▶ **Problem**: Where the line containing "SKU: CCV2728" appears below, begin there and reproduce each line exactly through the last one, omitting pictures.

▶ **Data supplied**:
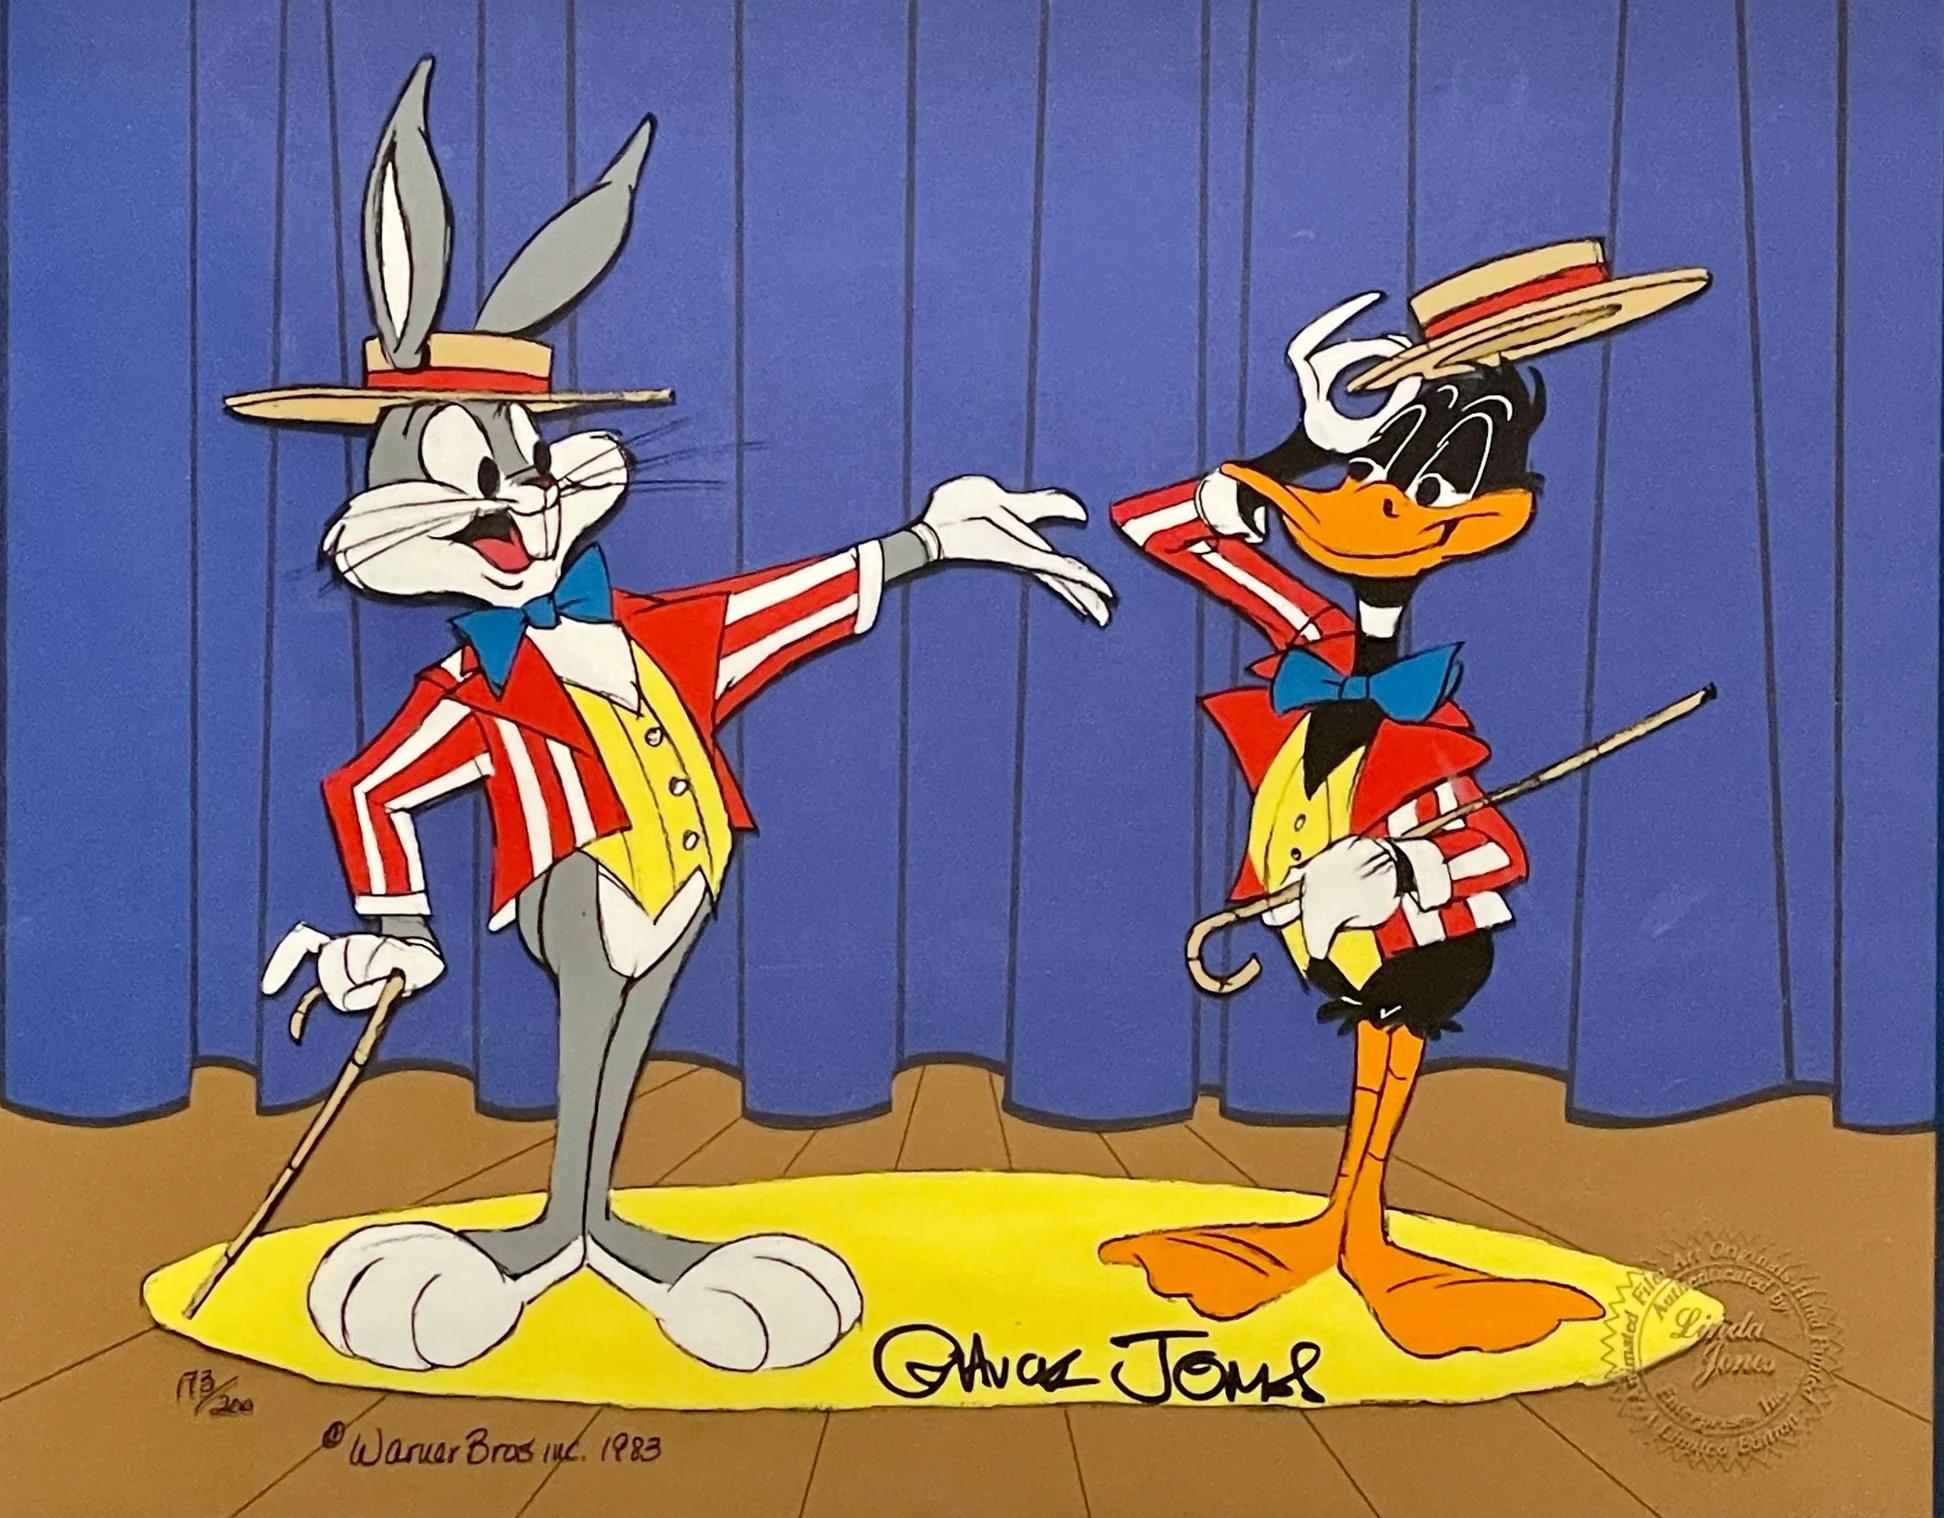 MEDIUM: Limited Edition Cel
IMAGE SIZE: 12 Field
EDITION SIZE: 200
SKU: CCV2728

ABOUT THE IMAGE: This cel is hand-signed by Chuck Jones and is numbered 173/200.
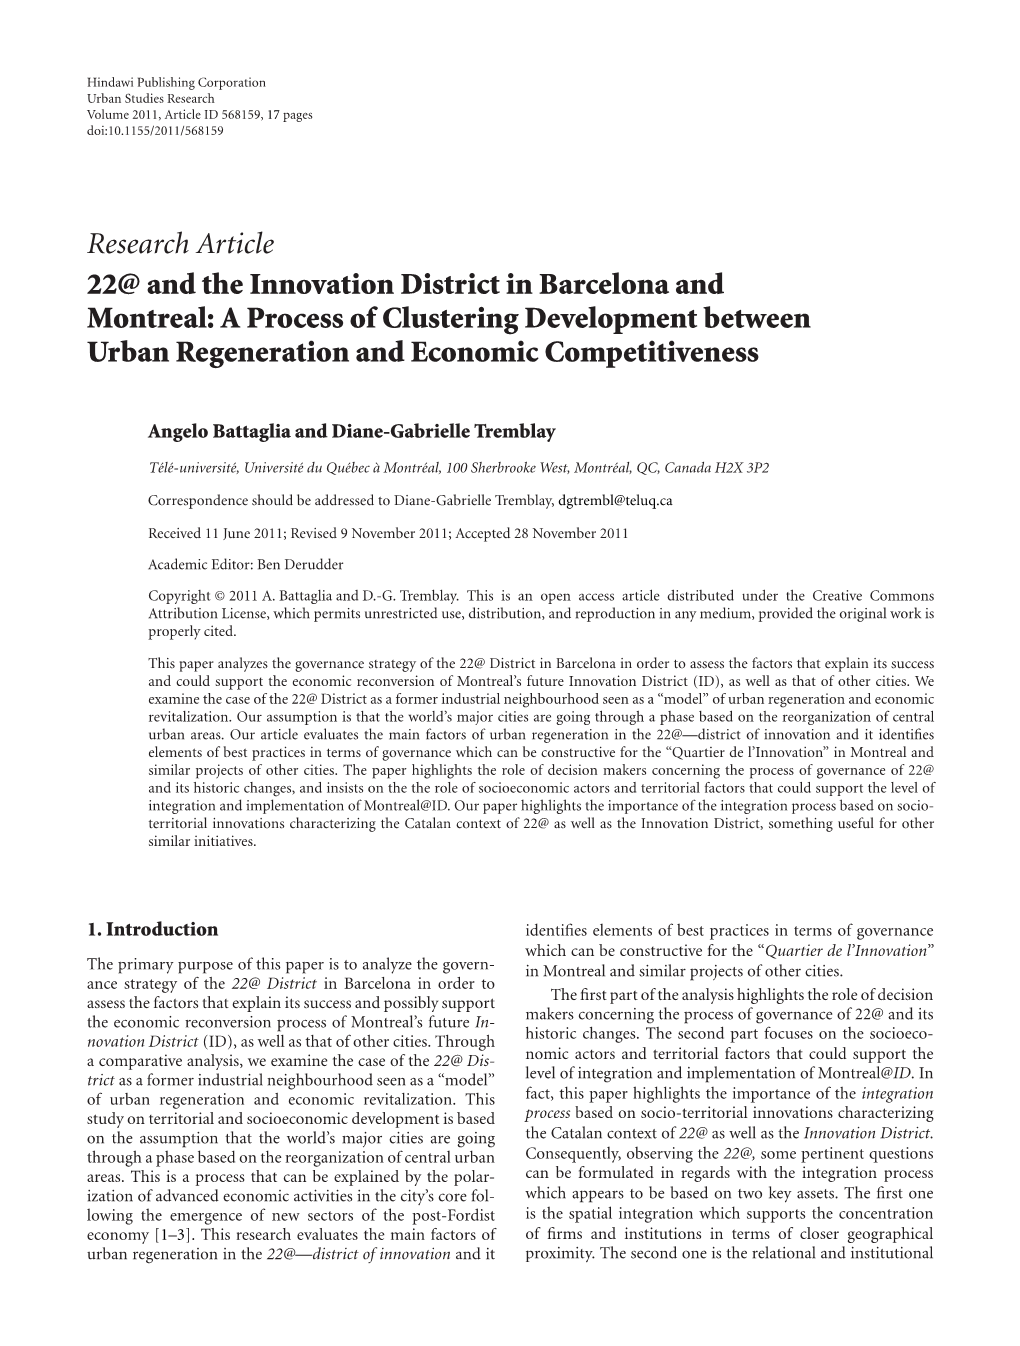 22@ and the Innovation District in Barcelona and Montreal: a Process of Clustering Development Between Urban Regeneration and Economic Competitiveness

▶ **Task answer**:
SKU: CCV2728

ABOUT THE IMAGE: This cel is hand-signed by Chuck Jones and is numbered 173/200.
 22@ and the Innovation District in Barcelona and Montreal: a Process of Clustering Development Between Urban Regeneration and Economic Competitiveness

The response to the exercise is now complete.